1. Application Submission

The user submits a Spark application to the cluster manager (e.g., YARN, Kubernetes). This application contains transformations (`map`, `filter`) and actions (`count`, `collect`) that define how distributed datasets will be processed.

Booking a wrestling event where the promoter (user) submits match details (application) to WWE management (cluster manager).

2. Driver Program Launch

The driver program initializes and manages the lifecycle of the Spark application. It constructs logical and physical execution plans, schedules tasks, and monitors their progress.

Vince McMahon orchestrating the entire event, ensuring wrestlers know their roles and overseeing the matches.

3. Resource Allocation

The cluster manager allocates resources (executors) based on the application's requirements. Executors are assigned to worker nodes where they perform tasks in parallel.
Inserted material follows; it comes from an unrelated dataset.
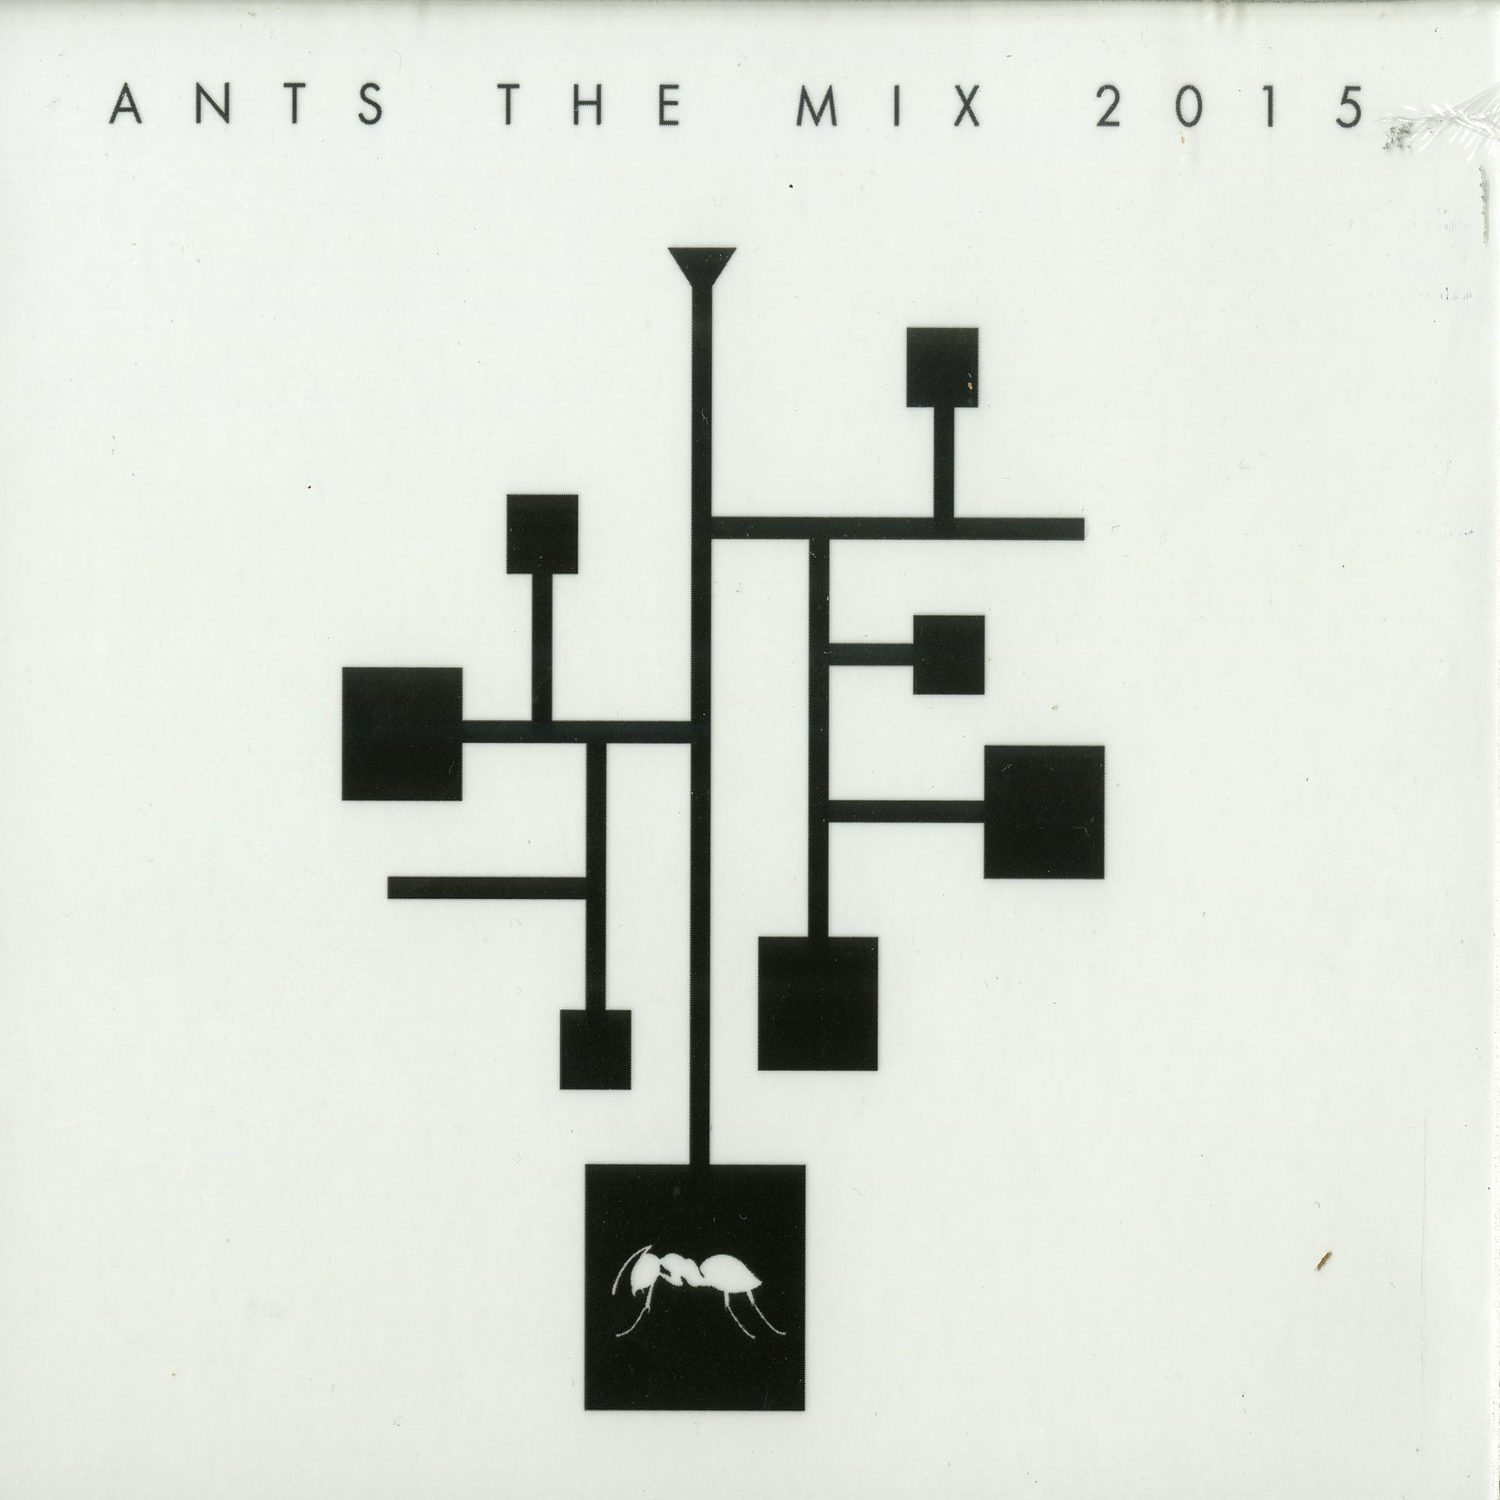 DJ Sneak - Tapesh - Los Suruba - ANTS THE MIX 2015

WWE management assigns wrestlers (executors) to different arenas (worker nodes) based on their skills and availability.

4. Executor Launch

Executors are launched on worker nodes to execute tasks, manage intermediate data, and report progress back to the driver program.
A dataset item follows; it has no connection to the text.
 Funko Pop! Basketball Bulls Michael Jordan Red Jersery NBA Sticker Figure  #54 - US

Wrestlers step into the ring, ready to perform their moves and contribute to the storyline.

5. Logical Execution Plan Creation

The driver constructs a logical plan based on user-defined transformations and actions. This plan represents high-level operations such as `map`, `filter`, and `join`.

Planning high-level storylines for each match—moves like `map` or `filter` are choreographed for maximum drama.
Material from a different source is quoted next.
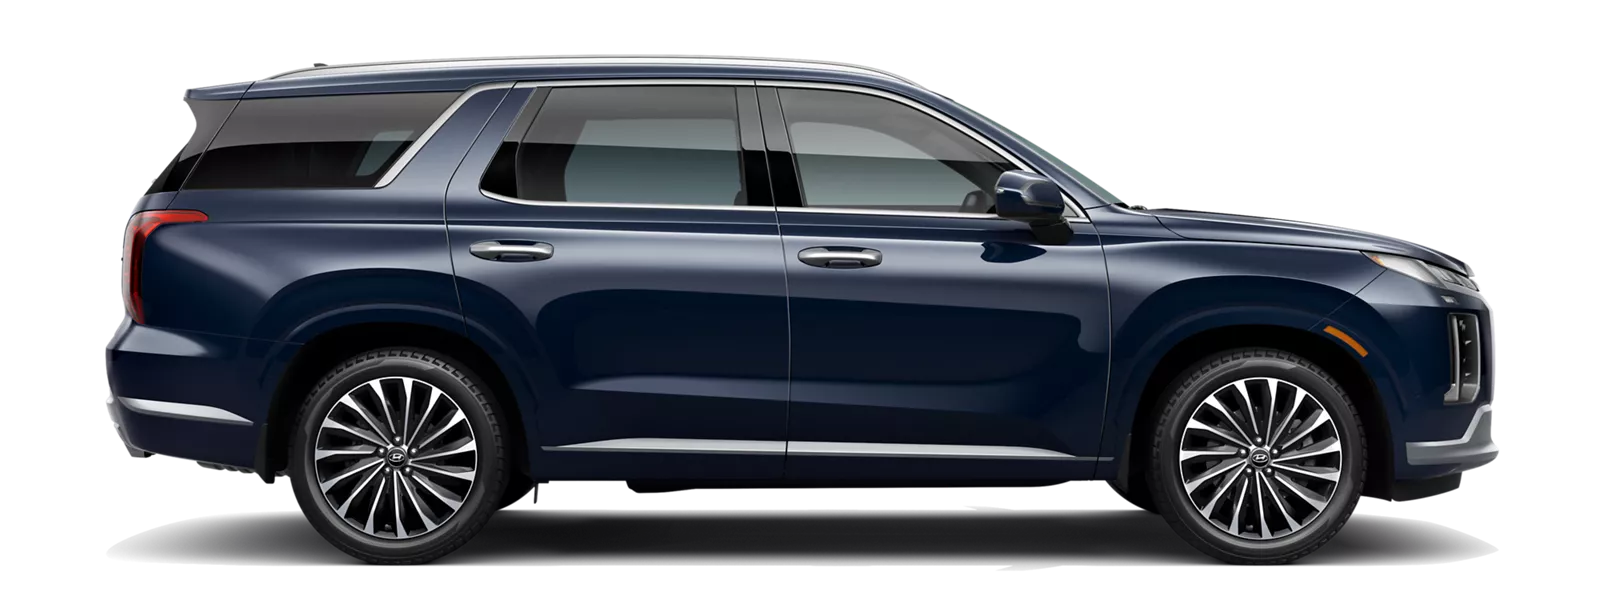 New Hyundai Elantra For Sale

6. Physical Execution Plan Creation

The Catalyst Optimizer transforms the logical plan into an optimized physical plan by applying rules and cost-based optimizations.

Coaches choreograph detailed sequences of moves (physical strategies like joins), ensuring efficiency in execution.

7. Stage and Task Scheduling

The physical plan is divided into stages based on data dependencies (narrow or wide). Tasks within each stage are scheduled for execution across available executors.

Dividing matches into rounds—each round has its lineup of wrestlers performing simultaneously in different parts of the arena.

8. Task Initialization

Executors initialize tasks by deserializing metadata received from the driver program. This includes instructions about which data partitions to process and what operations to perform.

Wrestlers review their move list before stepping into the ring.

9. Data Acquisition

Input data is fetched from storage systems like HDFS, S3, or local disk partitions. Executors load this data into memory for processing.

Gathering props or equipment needed for performance before entering the ring.

10. Task Execution

Tasks perform computations as specified in the physical plan, applying transformations (`map`, `filter`) and aggregations (`reduceByKey`).

Wrestlers step into the ring and execute their moves—slams, holds, finishers—as choreographed by their coach.

11. Intermediate Data Storage

Intermediate results may be cached or stored temporarily in memory or disk for use in subsequent stages of execution.

Storing highlight reels between rounds or matches until they can be used later.

12. Shuffle Data Handling

Data is shuffled between executors when wide dependencies (e.g., joins or groupBy) require it. This involves sorting data and transferring it across partitions so related rows end up together.

Tag-team wrestling where wrestlers exchange tags mid-match to keep up with opponents.

13. Task Completion and Result Reporting

Completed tasks report results back to the driver program, which tracks statuses and resubmits failed tasks if necessary.

Wrestlers report back with results after each match, triggering backup plans if needed.

14. Task Garbage Collection

Once tasks complete successfully, intermediate data stored in memory or disk is cleared to free up resources for subsequent tasks.

Clearing props from one match before setting up for the next one—ensuring smooth transitions between performances.

15. Awaiting New Tasks

Executors wait for new instructions from the driver program after completing their current set of tasks.

Wrestlers rest backstage while awaiting instructions for their next match.

16. Application Termination and Resource Release

Once all tasks are completed successfully, resources allocated by the cluster manager are released back into the pool for other applications.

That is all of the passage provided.